Frank Chacksfield & His Orchestra'nın 'Immortal Serenades' (1958) albümündeki 'Fair Maid Of Perth (La Jolie Fille De Perth)' ["Don Procopio: Sulle Piume Dell'amore"nin (1859) (Georges Bizet) bir yorumu] 12 sahnede [Jeneriğin başında (0.00-0.14 arası); Çiler "Bir şoför parçasısın" diyerek Ali'yi evden kovarken; Fritz, deniz kenarında, Çiler'in elini öperken; Ali, Lemanlardaki sosyetik toplantıyı terk ederken; Çiler, oturduğu ipotekli evin satılacağını öğrendiğinde; İş ve İşçi Bulma Kurumu'na geldiğinde; "Uzaklara gitmek istiyorum Hasan. İstanbul'dan uzaklara götür beni" derken; Döner kütüphaneli evdeki gecenin sabahında; Ali, ikinci kez Avrupa'ya giderken; Çiler'i randevuevinde bulduğunda; Nikâh dairesinde genç kızın cesedini kucağında taşırken; Filmin sonunda].

Los Indios Tabajaras'ın 'Always In My Heart' uzunçalarında (1964) 'Amapola' (1924) (Jose Maria LaCalle) Jeneriğin ikinci kısmında (0.14-1.58 arası). 'Siempre En Mi Corason (Always In My Heart)' (1942) (Ernesto Lecuona) 3 sahnede [Ali, Miça'yı ziyaret(!) sonrası eve geldiğinde; İlk Avrupa gezisinden ülkemize döndüğünde; Çiler'i randevuevinden alıp Lemanlara getirdiğinde]. 'Sobra El Arco Iris (Over The Rainbow)' (1939) (Harold Arlen / E. Y. Harburg) Kemal Bey görüntüye geldiğinde.

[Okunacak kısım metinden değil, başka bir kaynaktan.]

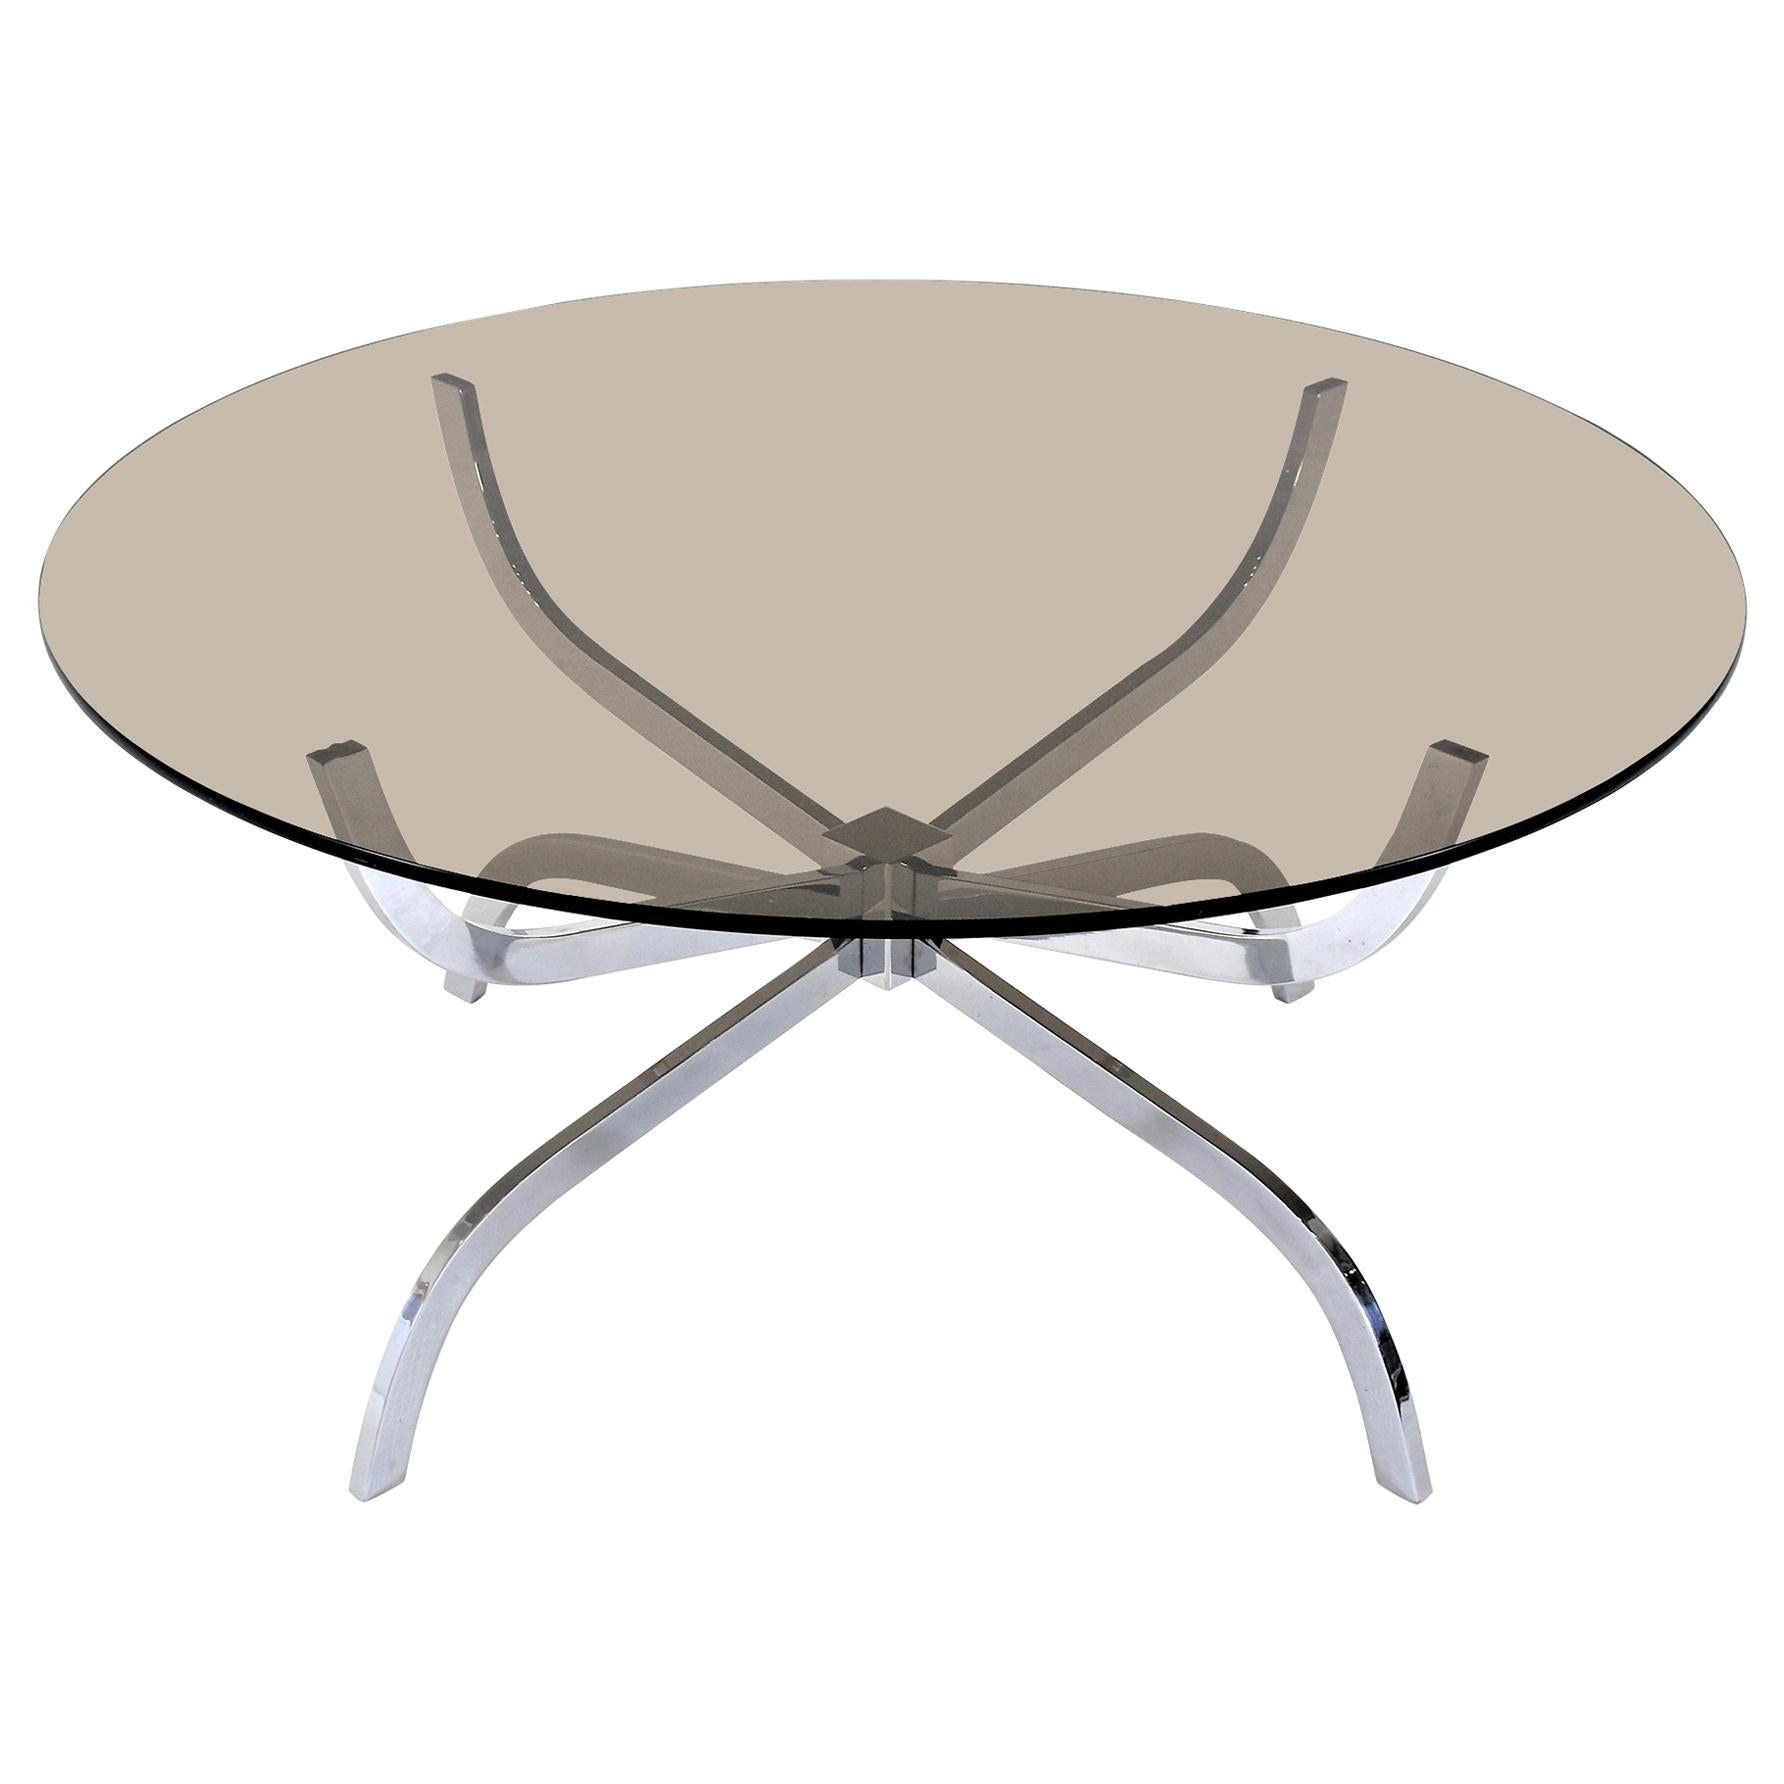 Midcentury Belgo Chrome Round "Spider" Coffeetable with Smoked Glasstop, 1970s For Sale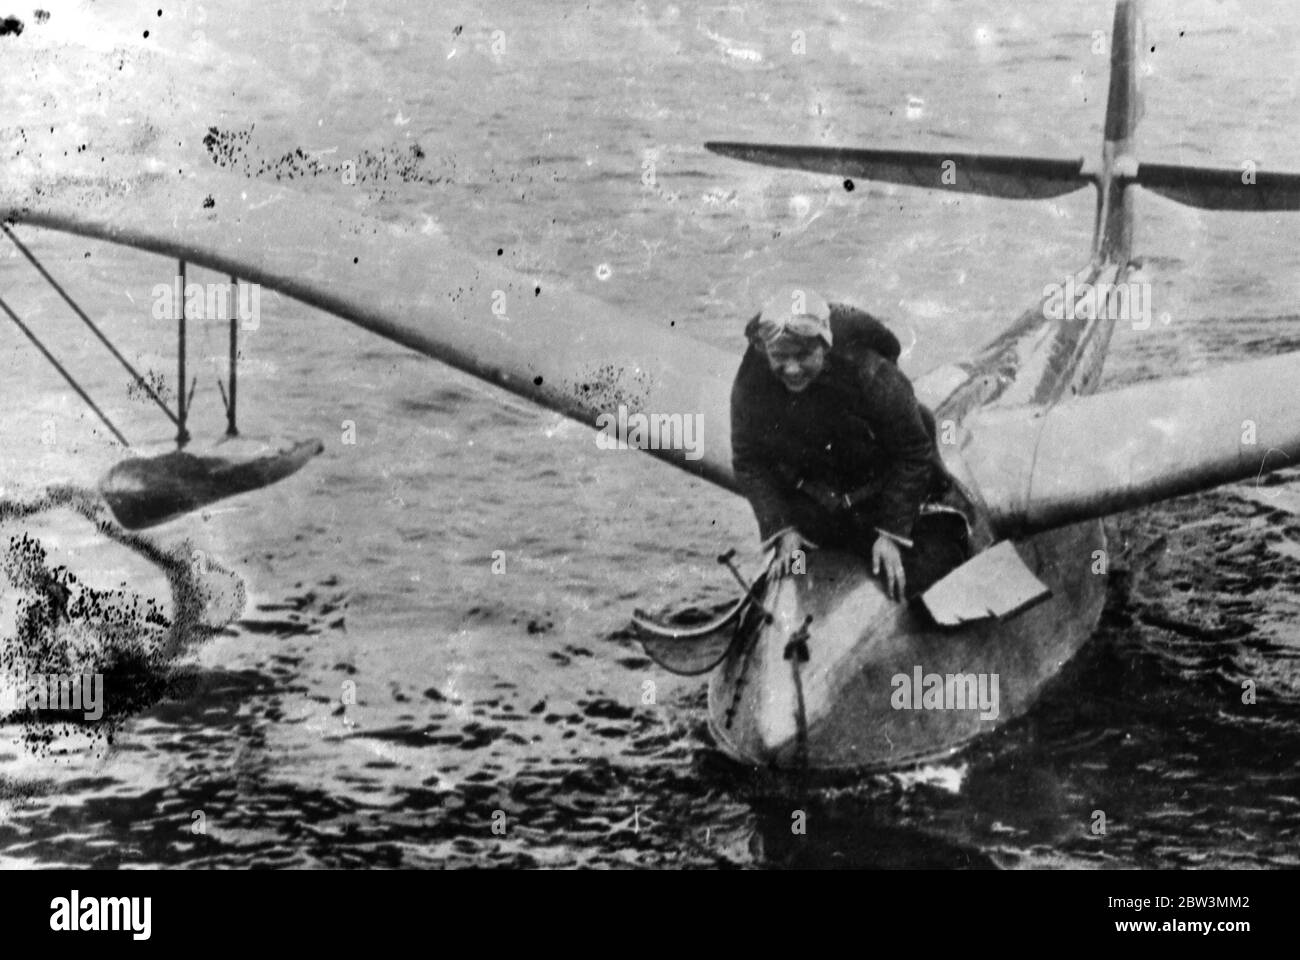 German woman pilot demonstrates new sea glider . A new type of sea glider was demonstrated by Miss Reitach , a German woman pilot on the Bodensea . The demonstration was watched by experts of the German Sail plane investigation institute . Hanna Reitsch was towed into the air and remained aloft for 30 minutes , after which she made a perfect ' landing ' on the water . The craft has a wing span of 55 feet . Photo shows Hanna Reitch aboard the new sea glider after the test . 30 November 1935 Stock Photo

Gianni Zilioli Orkestrası'nın ülkemizde Zephir firmasından çıkan 45'lik plağı 'A' yüzündeki passodoble 'Espana Cani' (1923) (Pascual Marquina Narro) 3 sahnede (Ali, Çiler'i araba ile arkadaşlarıyla buluşacağı çayevine götürürken; Kemal Bey'in yedek parça dükkânına ortak olduğunda; Dükkânda çalışırken). 'B' yüzündeki "Un Po' Di Brio" (Jidoro Molde) 2 sahnede (Çiler, kuş kafesleri önünde dans ederken; Mahallede çocuklar oynarken).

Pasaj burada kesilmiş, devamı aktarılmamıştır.